Java moss is tough as nails. Two weeks ago I pruned about a head sized amount from a client's aquarium and wrapped it in a towel and tossed it in a bucket. Over the week, I just tossed my wet/soiled towels into the same bucket as I totally forgot about the java moss at the bottom.

Last weekend I tossed the towel laden bucket in the wash only to pull out strands of java moss and gravel from the washer when the cycle was over. 

I tossed the java moss in my 55gal and so far it seems fine. We'll see in the next few weeks if it grabs onto the rocks and driftwood.


----------



## bluekrissyspikes (Apr 16, 2009)

i wouldn't worry about it getting out of control. there's always someone who wants some.


----------



## Chris S (Dec 19, 2007)

It doesn't get out of control really, I wouldn't call it a pest plant like duckweed or certain types of algae. Very easy to prune and control.


----------



## bluekrissyspikes (Apr 16, 2009)

sorry, yeah. it doesn't actually take over the tank or anything. it just gets bigger and bigger. then you can either trim or just rip some off. it's still pretty low-maintenance


----------



## AquaNeko (Jul 26, 2009)

Chris S said:


> It doesn't get out of control really, I wouldn't call it a pest plant like duckweed or certain types of algae.
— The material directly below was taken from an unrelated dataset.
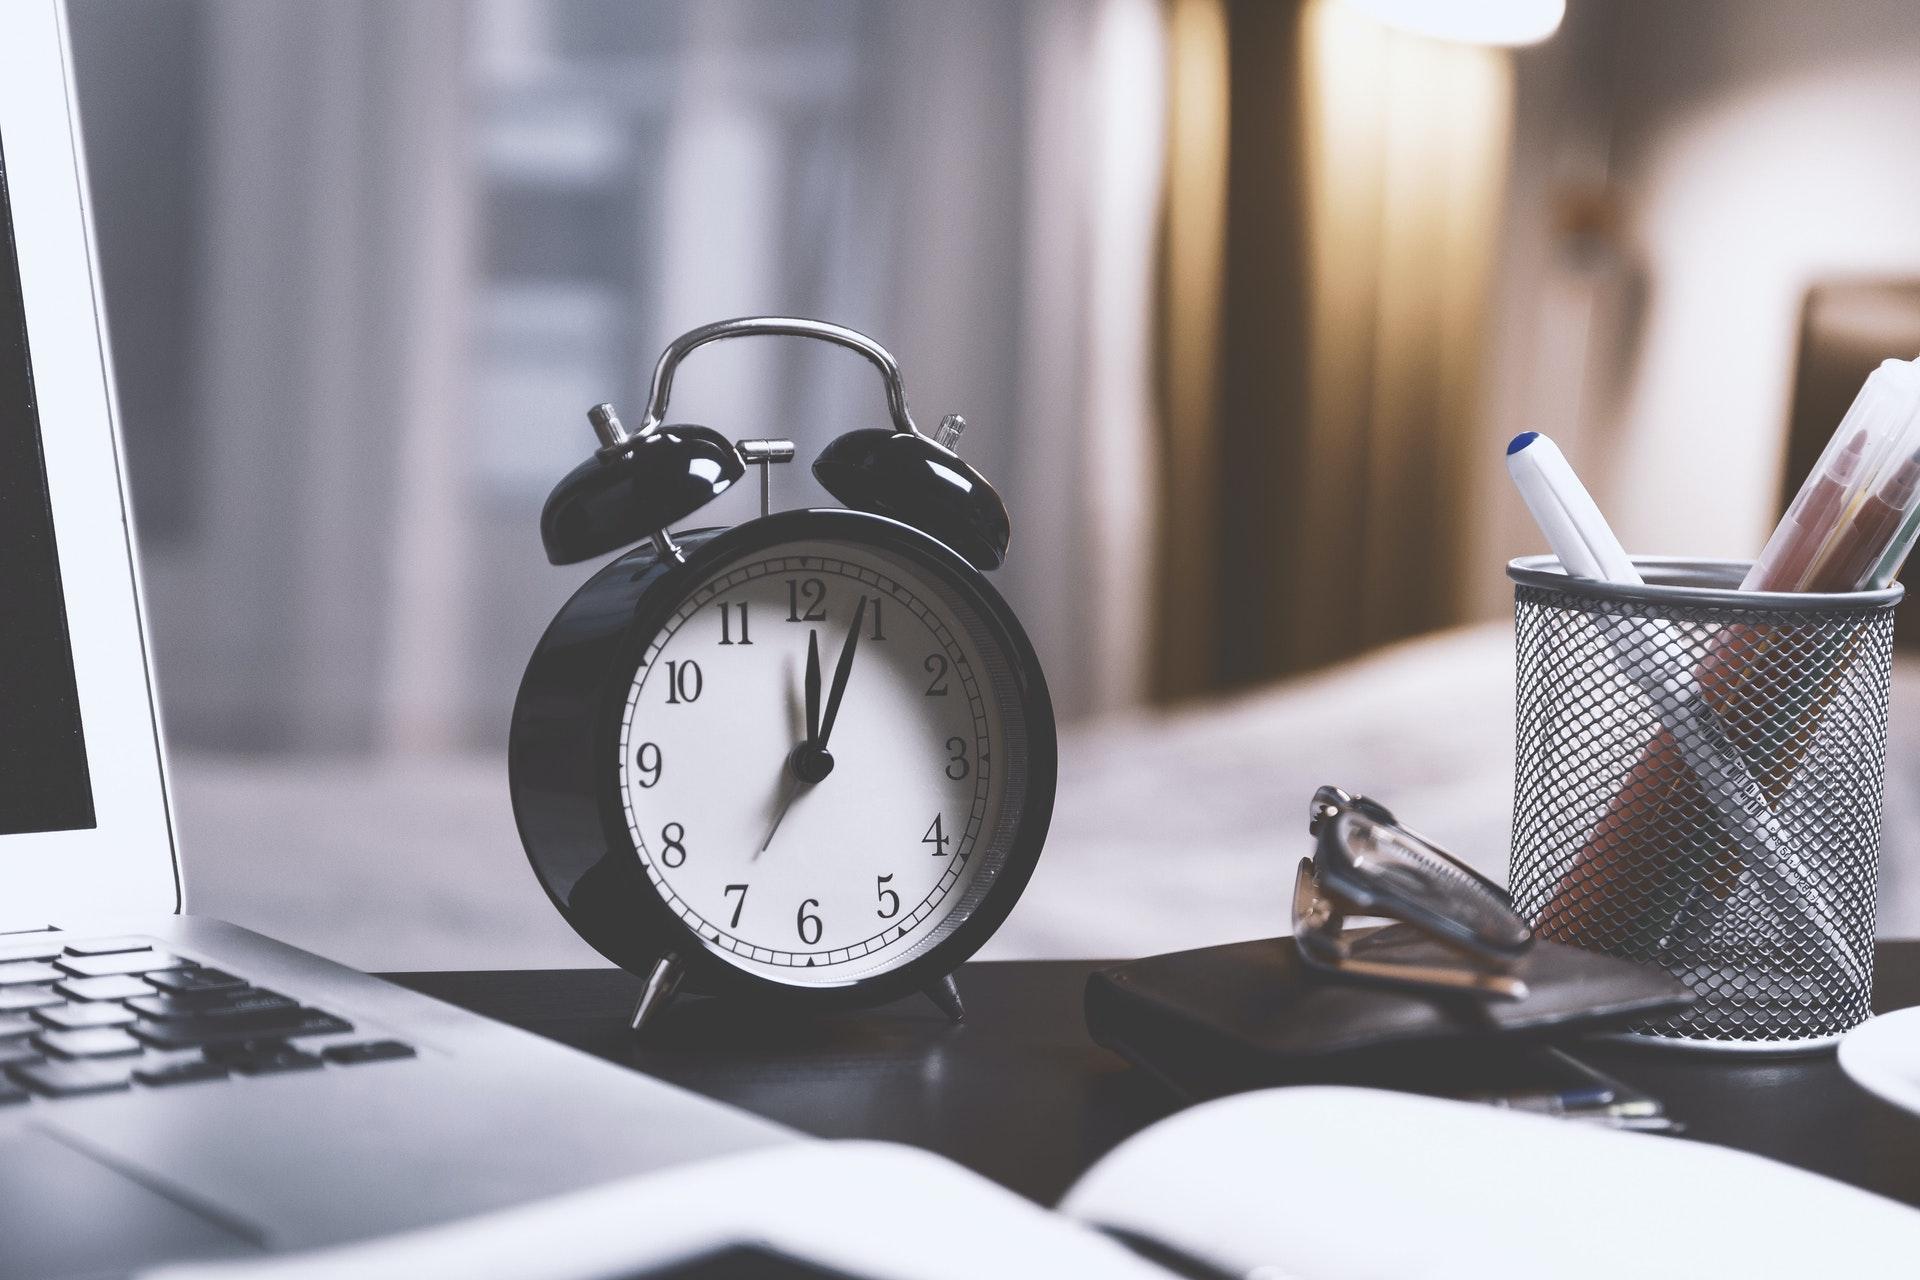 5-minute webinar strategy

Very easy to prune and control.


Well with duckweed get some tilapia in a barrel and let that grow like mad and feed it to the fish then have some fish & chips later


----------



## WateraDrop (Nov 16, 2008)

i have a nice little piece of driftwood that i wrapped with java moss (using some black thread). the moss grows reallllly quickly, but every two weeks (if i'm not being bombarded to death by the university) i take some time to just...remove the excess lol. i actually put it in another tank that i never touch and sell it from time to time because people on kijiji seem to really like java moss! in any case, it's not too much of a hassle but when i read the title of your thread i was sort of hoping there would be such a critter that ate that moss lol


----------



## Tibob32 (Sep 26, 2009)

wtac said:


> Java moss is tough as nails. Two weeks ago I pruned about a head sized amount from a client's aquarium and wrapped it in a towel and tossed it in a bucket. Over the week, I just tossed my wet/soiled towels into the same bucket as I totally forgot about the java moss at the bottom.
> 
> Last weekend I tossed the towel laden bucket in the wash only to pull out strands of java moss and gravel from the washer when the cycle was over.
> 
> I tossed the java moss in my 55gal and so far it seems fine. We'll see in the next few weeks if it grabs onto the rocks and driftwood.


I bet your java moss is cleaner than mine!


----------